Caminante (Cheminant) d’Antonio Machado, conception d’Anne Alvaro
Qui, mieux que lui, se tint debout en poésie : « Cuando el jilguero no puede cantar. Cuando el poeta es un peregrino, Cuando de nada nos sirve rezar. Caminante no hay camino, se hace camino al andar… Golpe a golpe, verso a verso » ( Quand le chardonneret ne peut chanter. Quand le poète est un pèlerin, Quand il ne sert à rien de prier. Marchant, il n’y a pas de chemin. Le chemin se fait en marchant… Coup par coup, vers par vers).

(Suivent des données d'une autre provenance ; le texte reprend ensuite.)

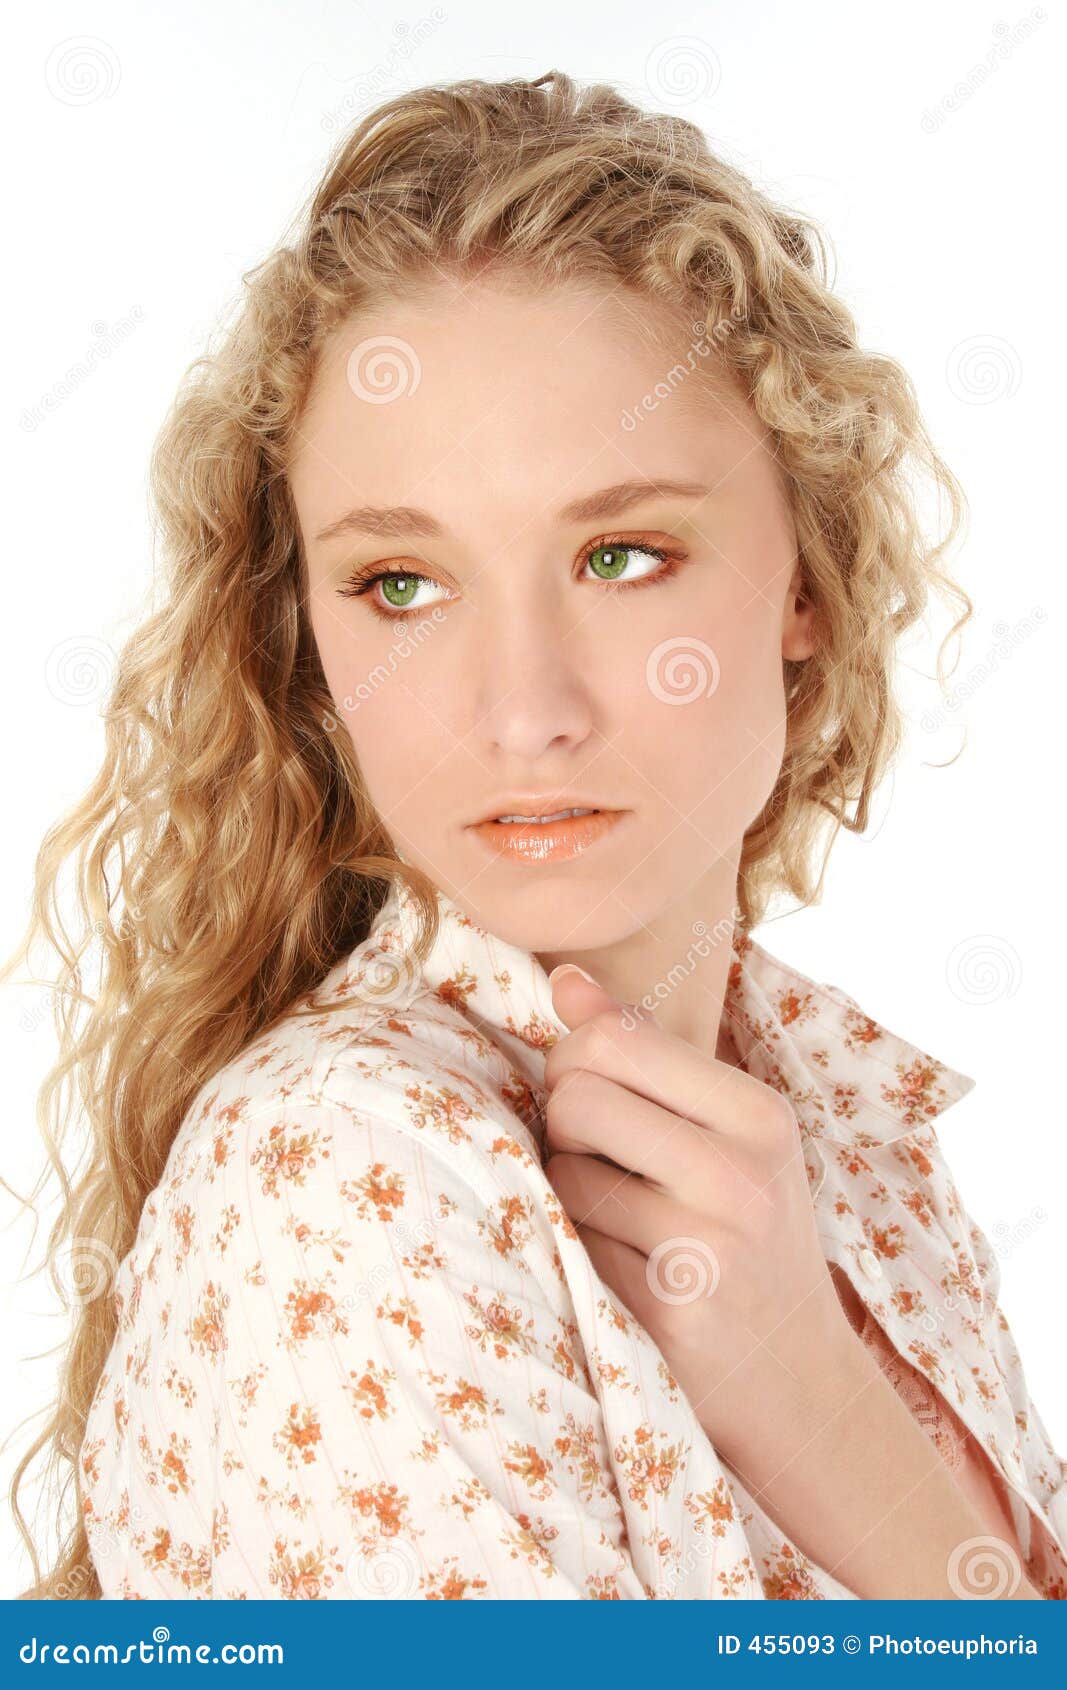 Blonde Hair Green Eyes Stock Image Image Of Teen Glamorous 455093
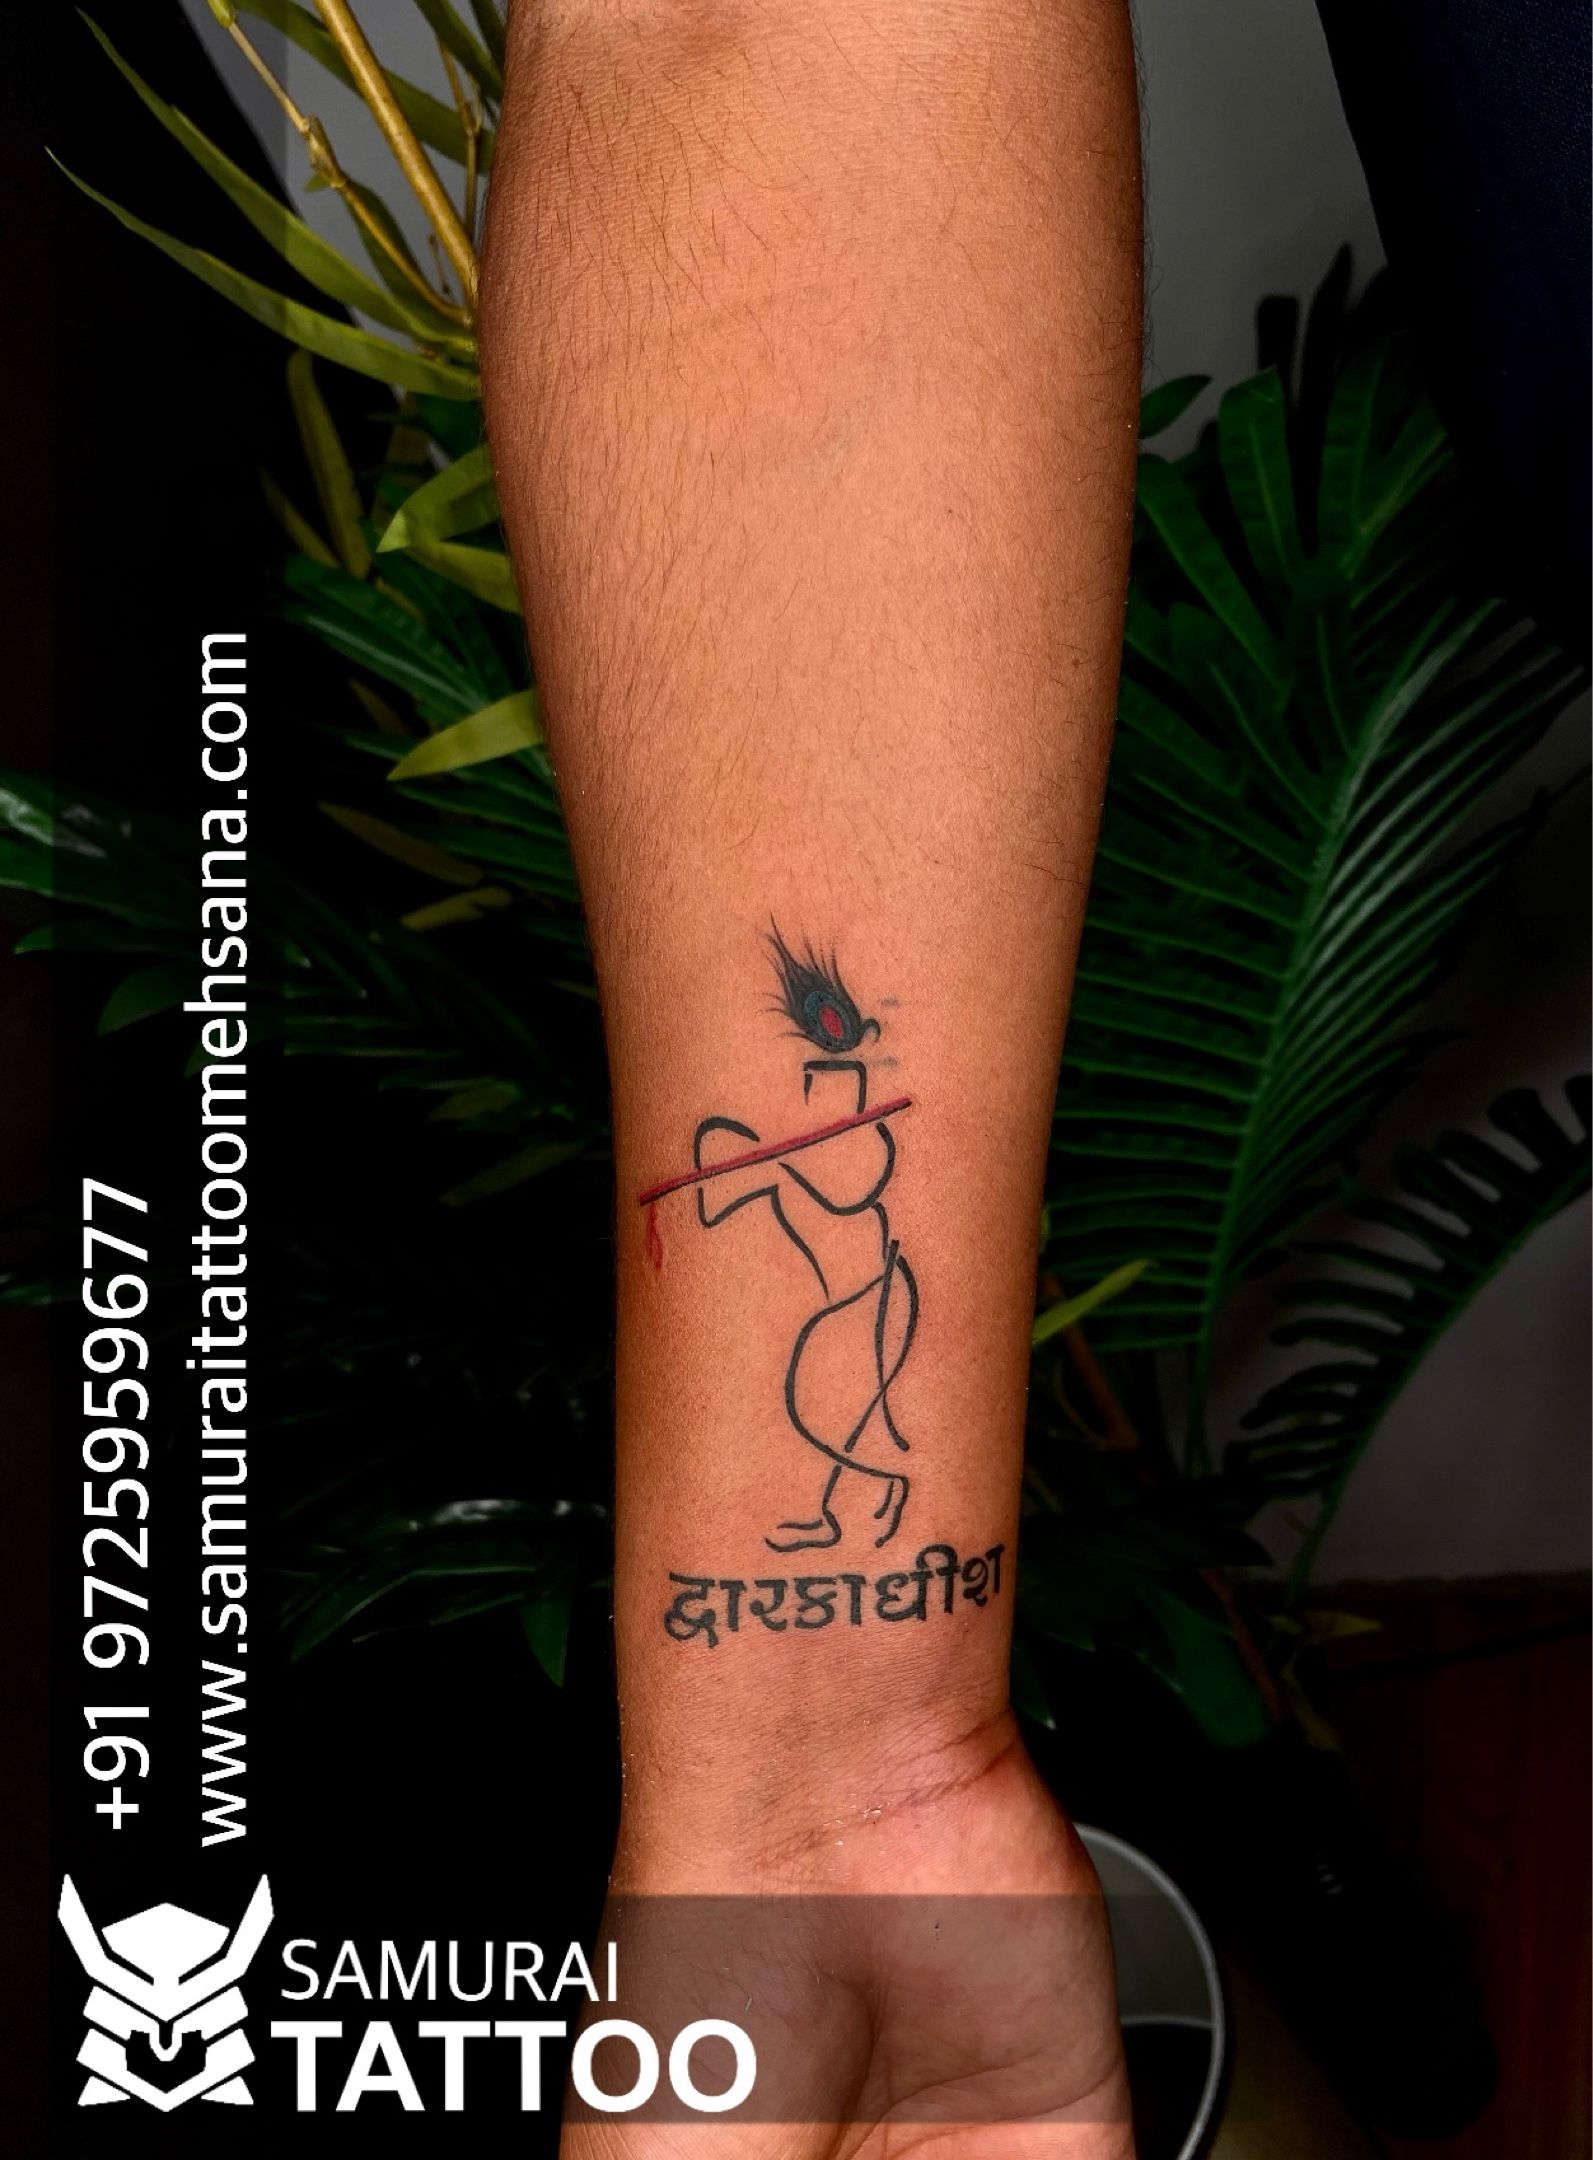 Minimalistic Krishna tattoo | Krishna tattoo, Tattoos, Tattoo designs wrist

Sur ce thème de la pérégrination, Anne Alvaro trace un parcours dans l’œuvre de l’écrivain espagnol : des textes inspirés par sa terre natale, ses rêveries enfantines, sa confrontation avec la mort ; chants de solitude ou vers enjoués dédiés à la nature et aux travaux des champs… Accompagnée par des musiciens hors-pair : Pedro Soler avec sa guitare nerveuse -un grand du jazz et du flamenco- et Gaspar Claus avec son violoncelle endiablé répondent à la comédienne qui scande la langue espagnole avec chaleur. Pour le plus grand plaisir du public de la région, en majorité hispanophone, comme Antoine Martinez, maire de Bédarieux, ancien professeur d’espagnol.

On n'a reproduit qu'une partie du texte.